* Task to complete: Would you please transcribe, exactly as written, the lines of the entries below starting at the one that holds "Poe - Star Wars: The" and ending at the one that holds "Disney's video tour", both included?

* Data:
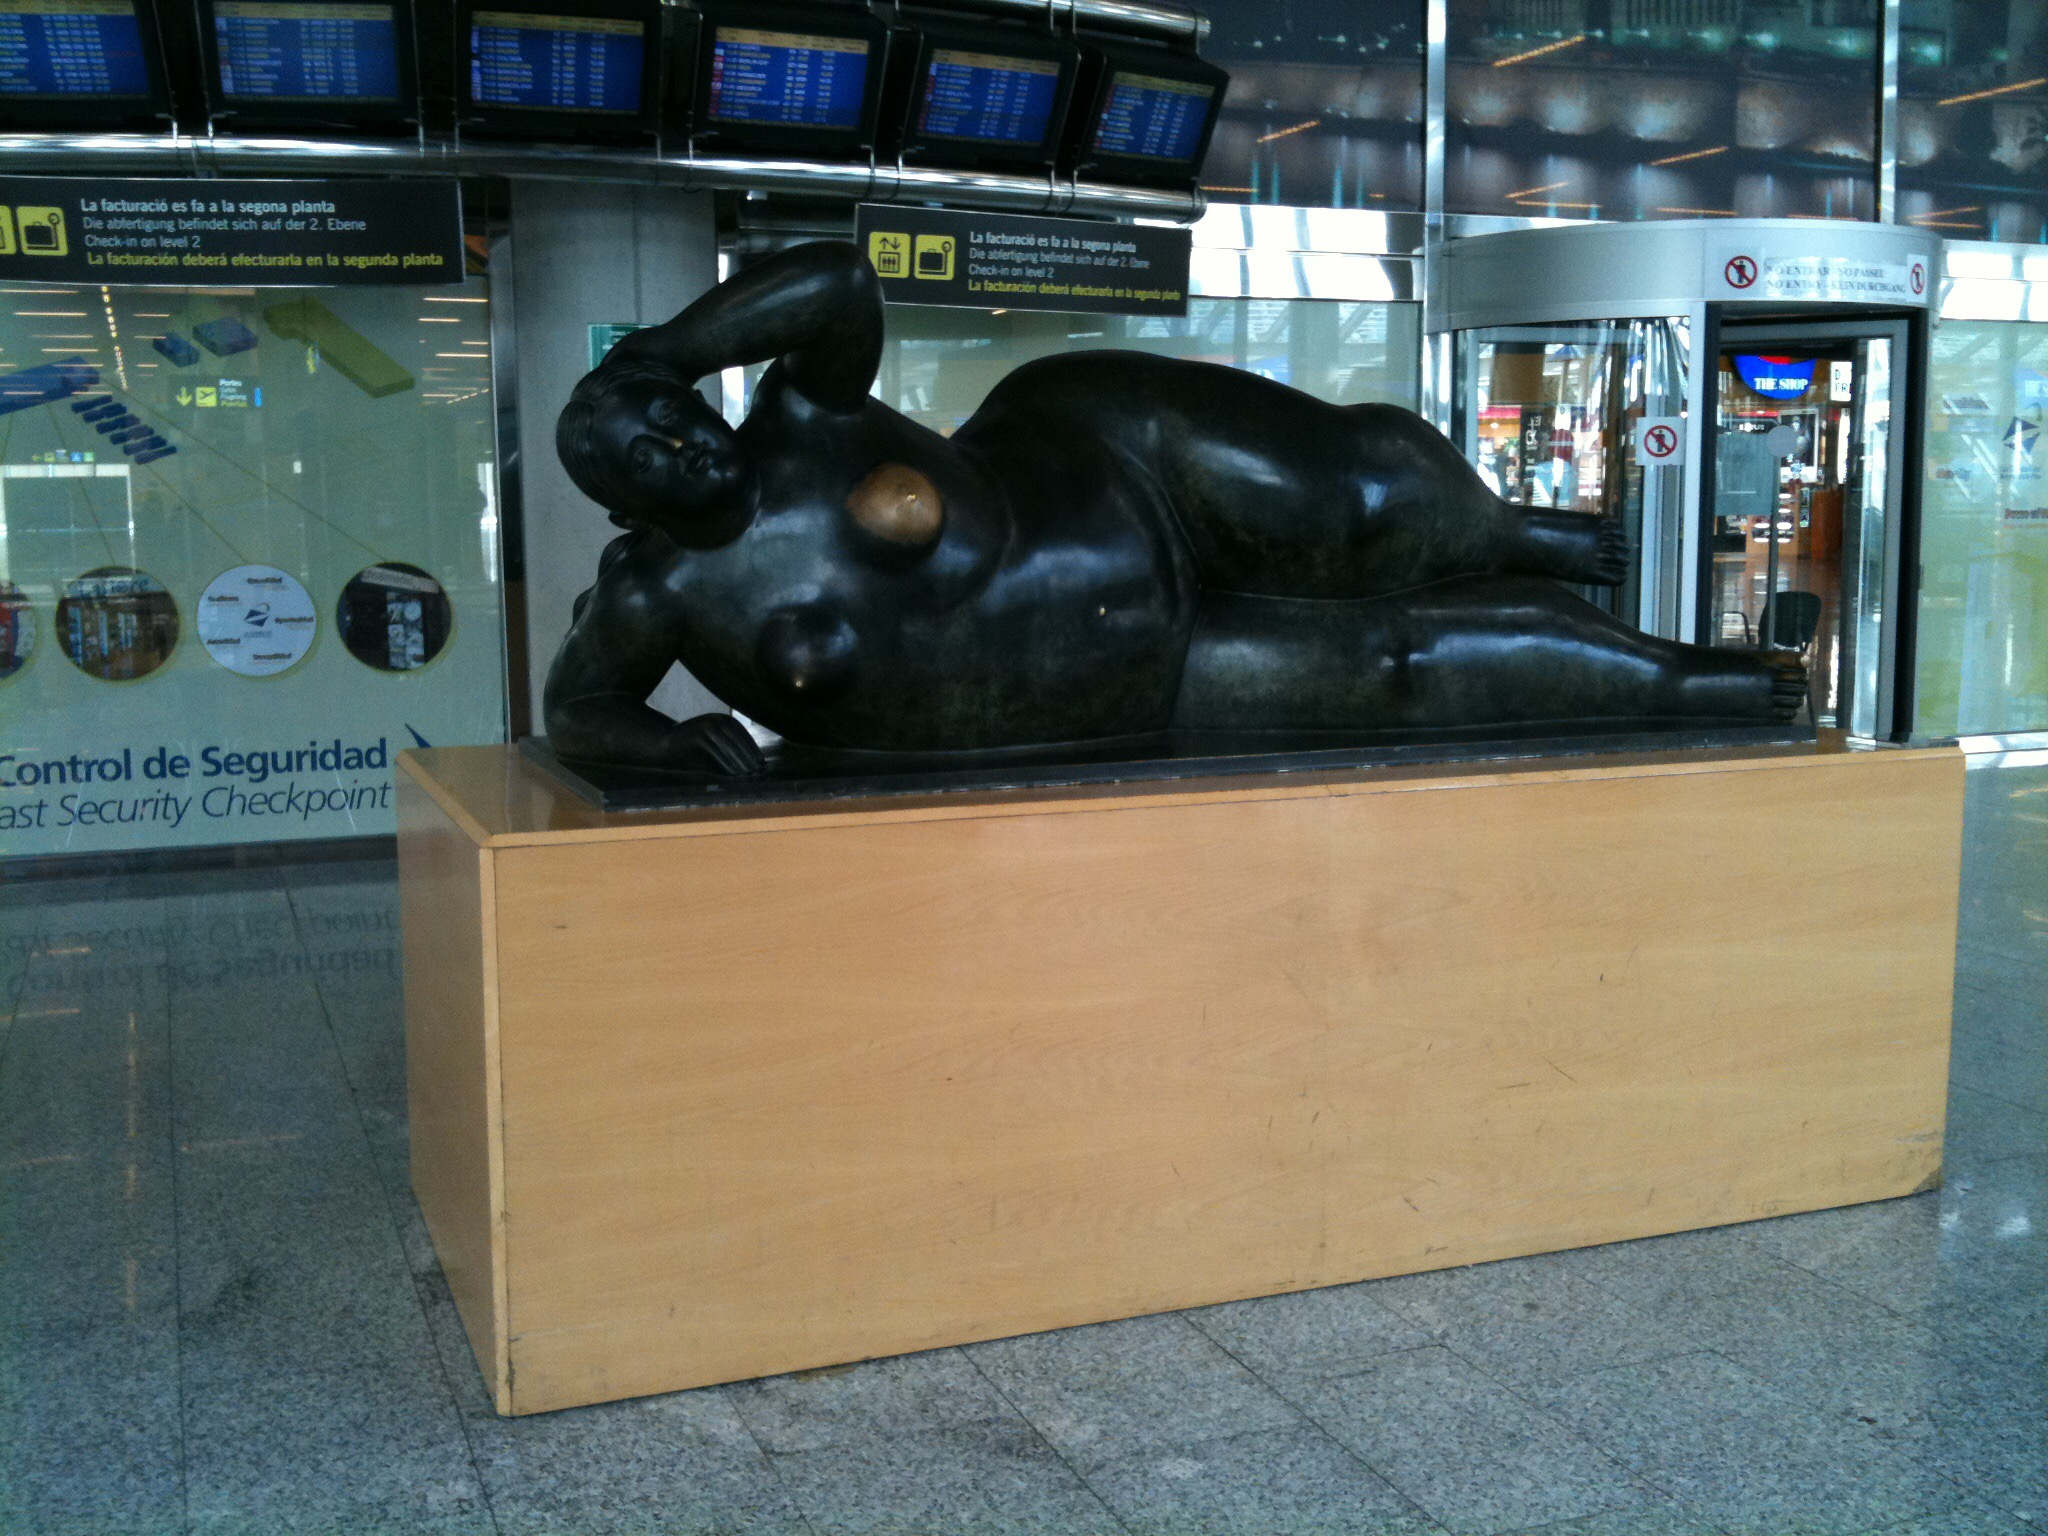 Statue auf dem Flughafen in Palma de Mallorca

* * *

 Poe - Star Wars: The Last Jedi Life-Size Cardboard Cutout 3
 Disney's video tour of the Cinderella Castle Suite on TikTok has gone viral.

---

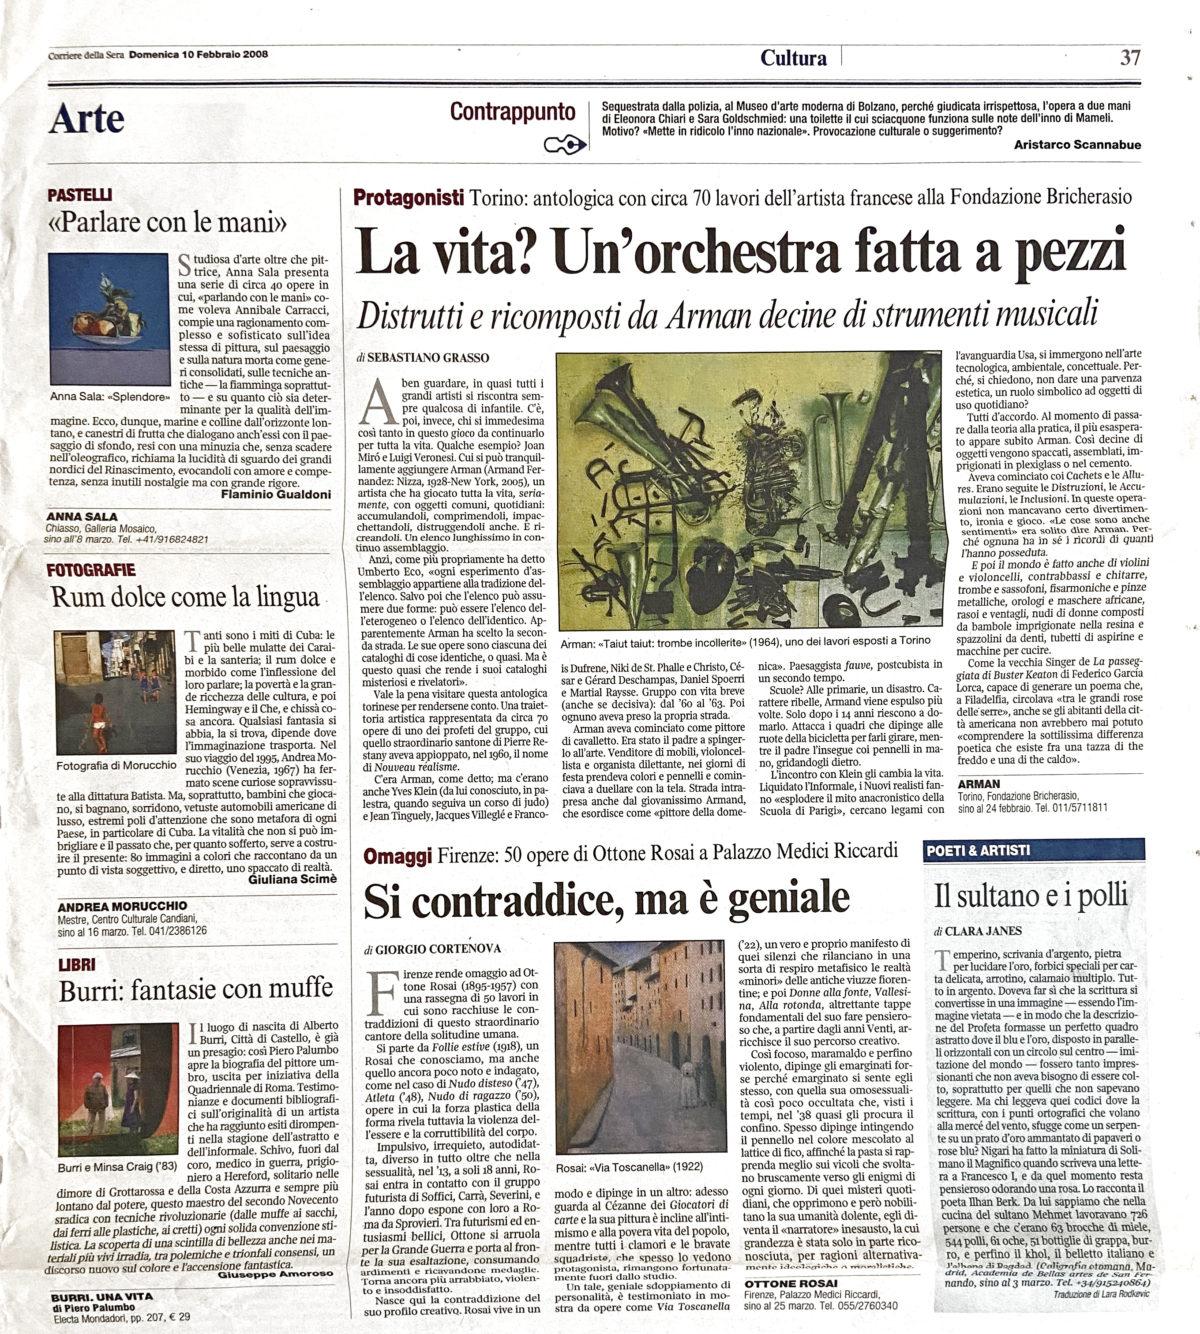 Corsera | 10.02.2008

* Reply to the task:
 Poe - Star Wars: The Last Jedi Life-Size Cardboard Cutout 3
 Disney's video tour of the Cinderella Castle Suite on TikTok has gone viral.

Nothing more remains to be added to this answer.